I hope this solves the mystery for someone. I couldn’t find anything too definitive elsewhere on the web.

*Note: Setting Invisible in one client changes your status in all logged in clients. It’s not possible to be Away in one, and invisible in another. I was hoping I could leverage this somehow by setting the iPhone to invisible so that it would only get messages if the desktop client went offline.

Now with Fancy

Thursday, June 25th, 2009

A quick post just to point out the obvious, the blog has a new look. More on this later, but Kenta is to thank for the design.

Enjoy.

When BS is so bad it hurts

Thursday, June 25th, 2009

It appears that Movable Type has been forked into a new project called “Melody.” Now this is why I love Open Source software, if something isn’t working right fracture the code, take some of the developers, and subdivide the user base. I understand that one piece of software can’t do everything. By all means it shouldn’t, but there doesn’t seem to be any driving goals of this project that aim to make it vastly different the Movable Type.

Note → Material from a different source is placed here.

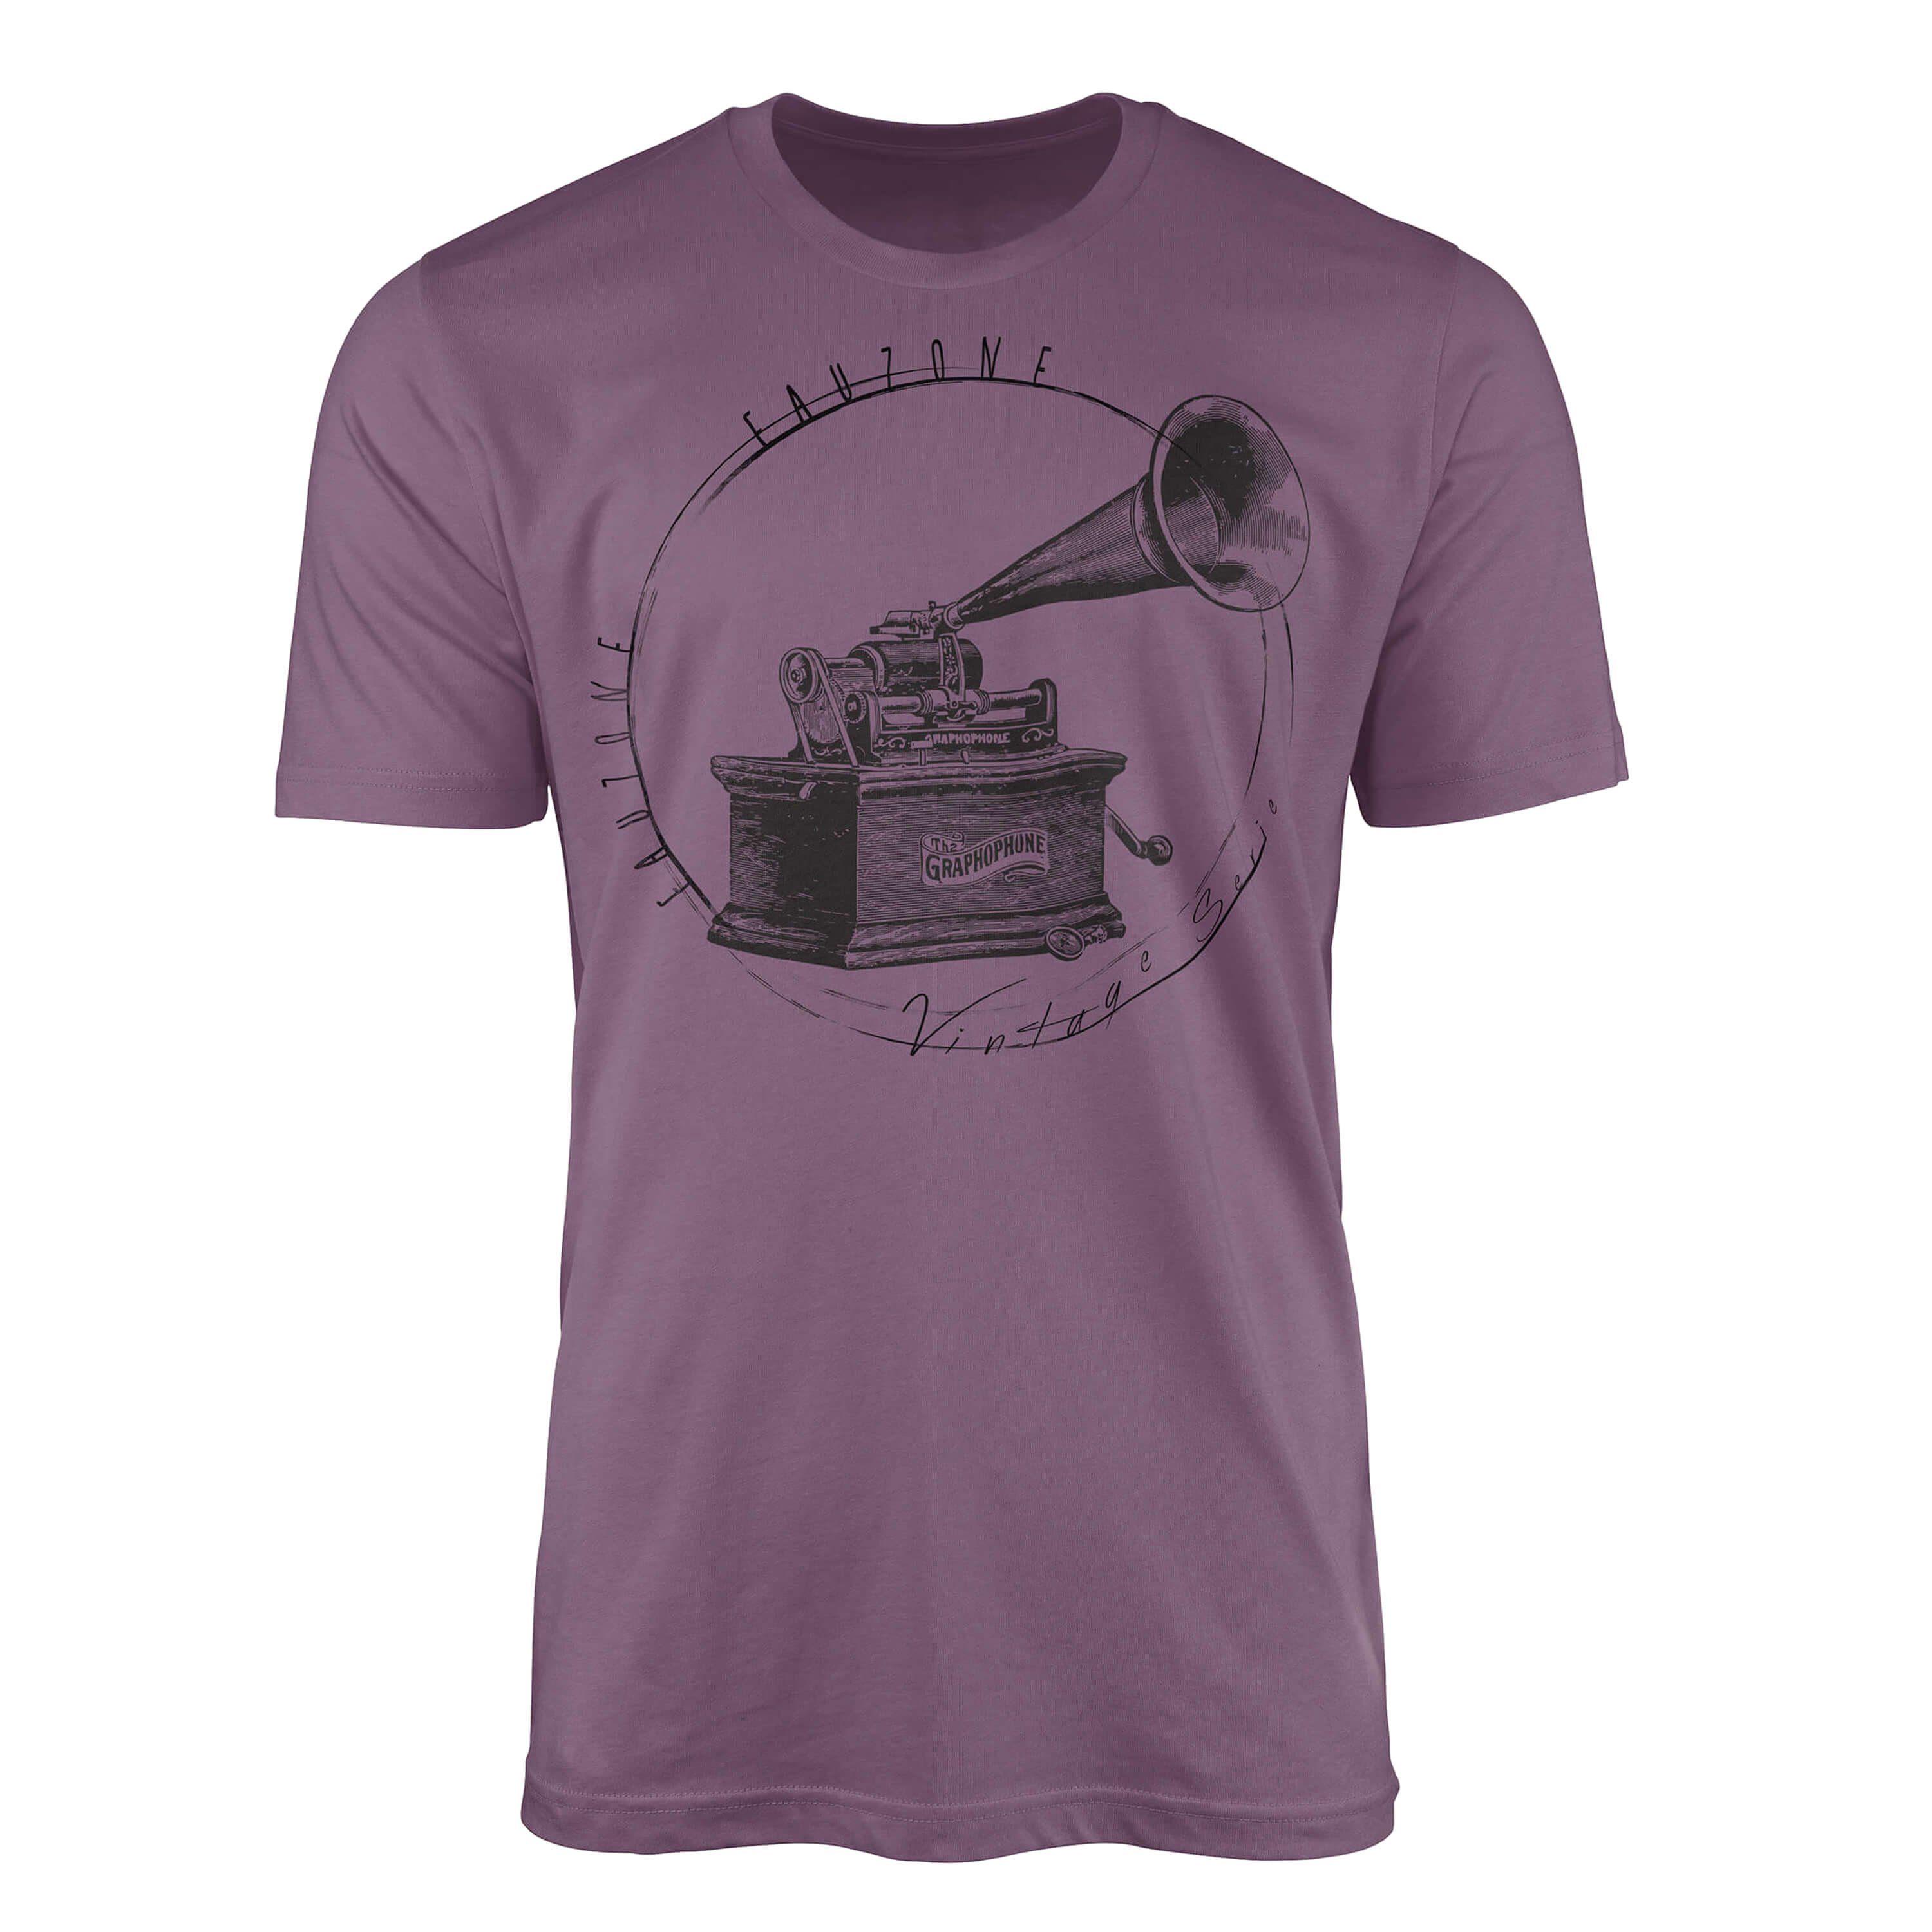 Sinus Art T-Shirt Vintage Herren T-Shirt Grammophon Shiraz

A quick read of the sparse About page and FAQ, seems to indicate that this fork is driven by the need to work with the community more. In other words they don’t have any unique design principles yet, but invoking the term “community” implies that we soon will have all that we’ve been missing from Movable Type. They suggest trying to be more like WordPress. Maybe that means documentation that isn’t habitually wrong. I’m not sure.

On face value it looks like some sort of internal fallout happened. When you drop all of the idealistic bullshit, thats the most common reason for a fork. Two people couldn’t agree and they go their own way but try to make it look all happy and mutual, as if this will somehow be “better for everyone.”

The way I see it, Movable Type has been trying to become a CMS and failing miserably. It’s once rapid rate of progress during the 3.x builds has become a snails pace under 4.x., and this fork may finally kill it or get SixApart off their asses and take a look at what their actually trying to accomplish.